Police in Victoria, Australia made one of the easiest captures to date after a would-be car thief locked himself inside the vehicle he was trying to take. We have yet again a prime example that many crooks who steal cars probably do so because they’re not smart enough to figure out how to make money legitimately.
According to a press release from police, the BMW this suspect tried taking had been parked outside a gas station. The owner failed to lock the doors, a big no-no we have to say, and walked inside. Somehow, the would-be thief figured out the Bimmer was unlocked and climbed inside.
Thankfully the owner noticed someone was in his car, so he ran back to confront the person. But the criminal decided to play his big trump card and locked the doors. The only problem was the car owner had the keys in his hand, which he displayed to the would-be thief tauntingly.
The Bimmer owner called police, who probably got a nice laugh when they showed up. After all, how many times do they find thieves trapped inside the very thing they were trying to steal? Also, is there no way to physically unlock and open the door on a BMW? Most cars, even modern ones, have a manual lock release for emergencies, so we’re genuinely asking.

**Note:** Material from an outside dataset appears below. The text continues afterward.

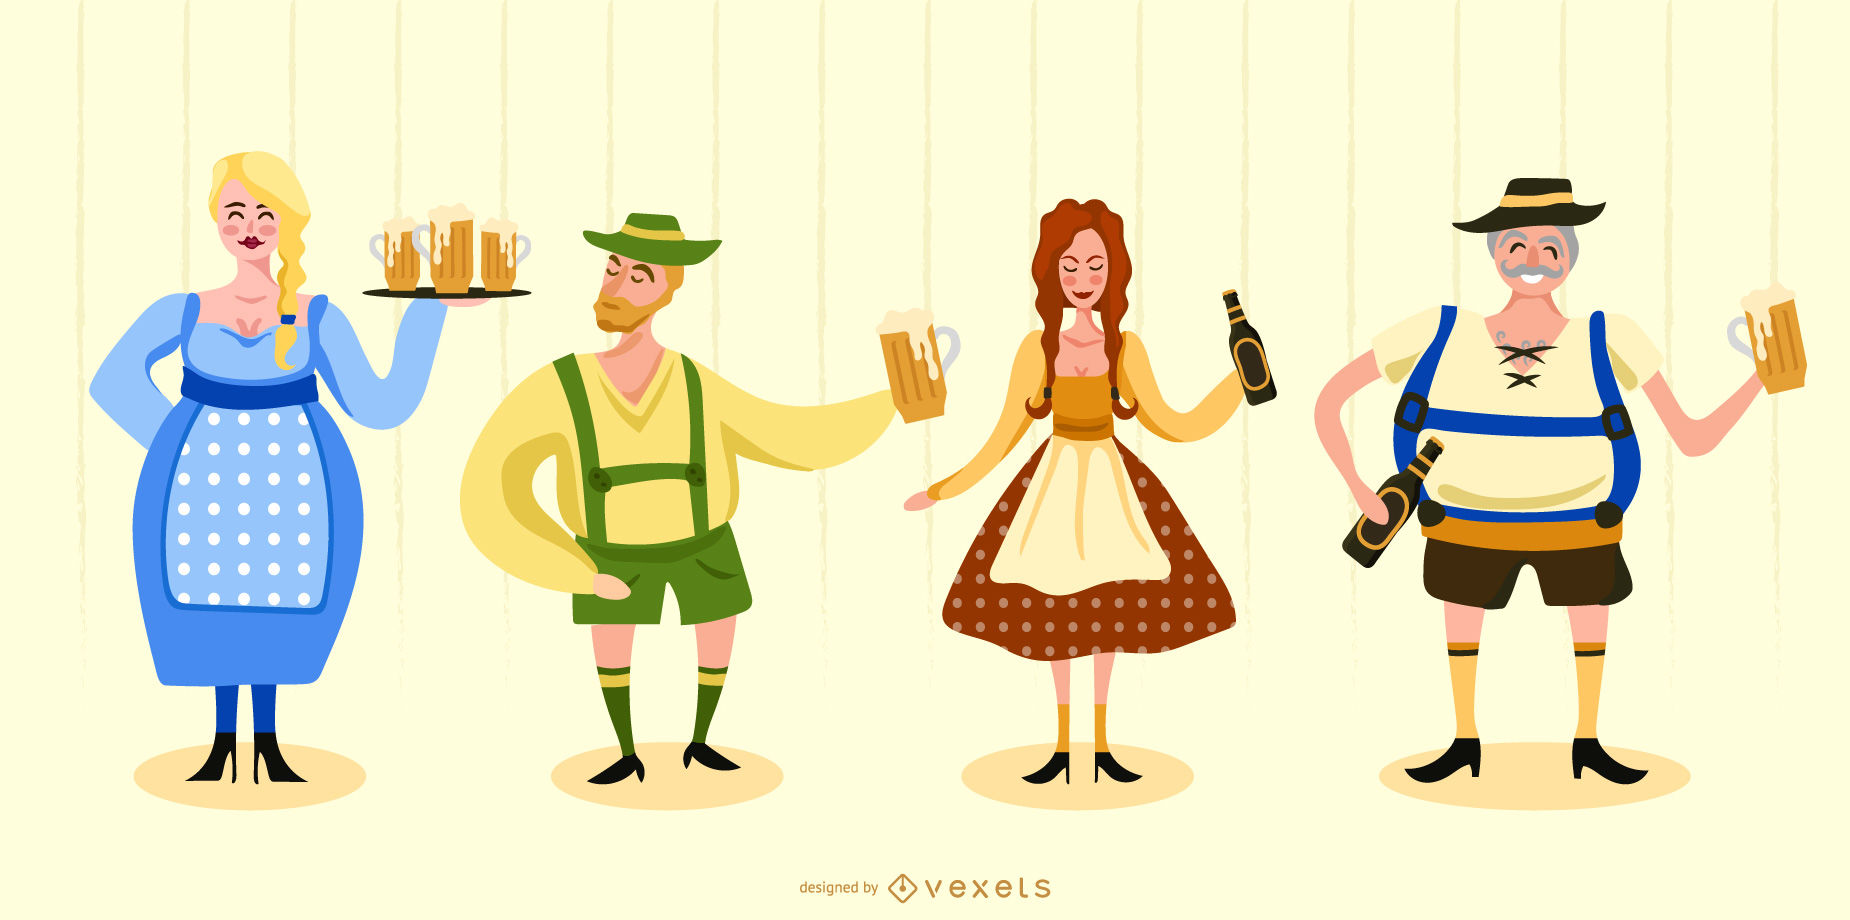 Oktoberfest clipart tradition. Traditional characters set vector

Officers were able to arrest the 24-year-old man trapped inside the luxury car, which looks to be a 5 Series. The press release says it was “one of the simpler arrest of their careers.” Indeed.
Sadly, we’ve seen a lot of car thefts where people have left their keys in the car. With keyless ignitions, some people are lazy and leave their fob in the cupholder, even when they run inside a store. It’s a horrible habit. So is leaving your doors unlocked, even when your ride is parked inside your garage at home.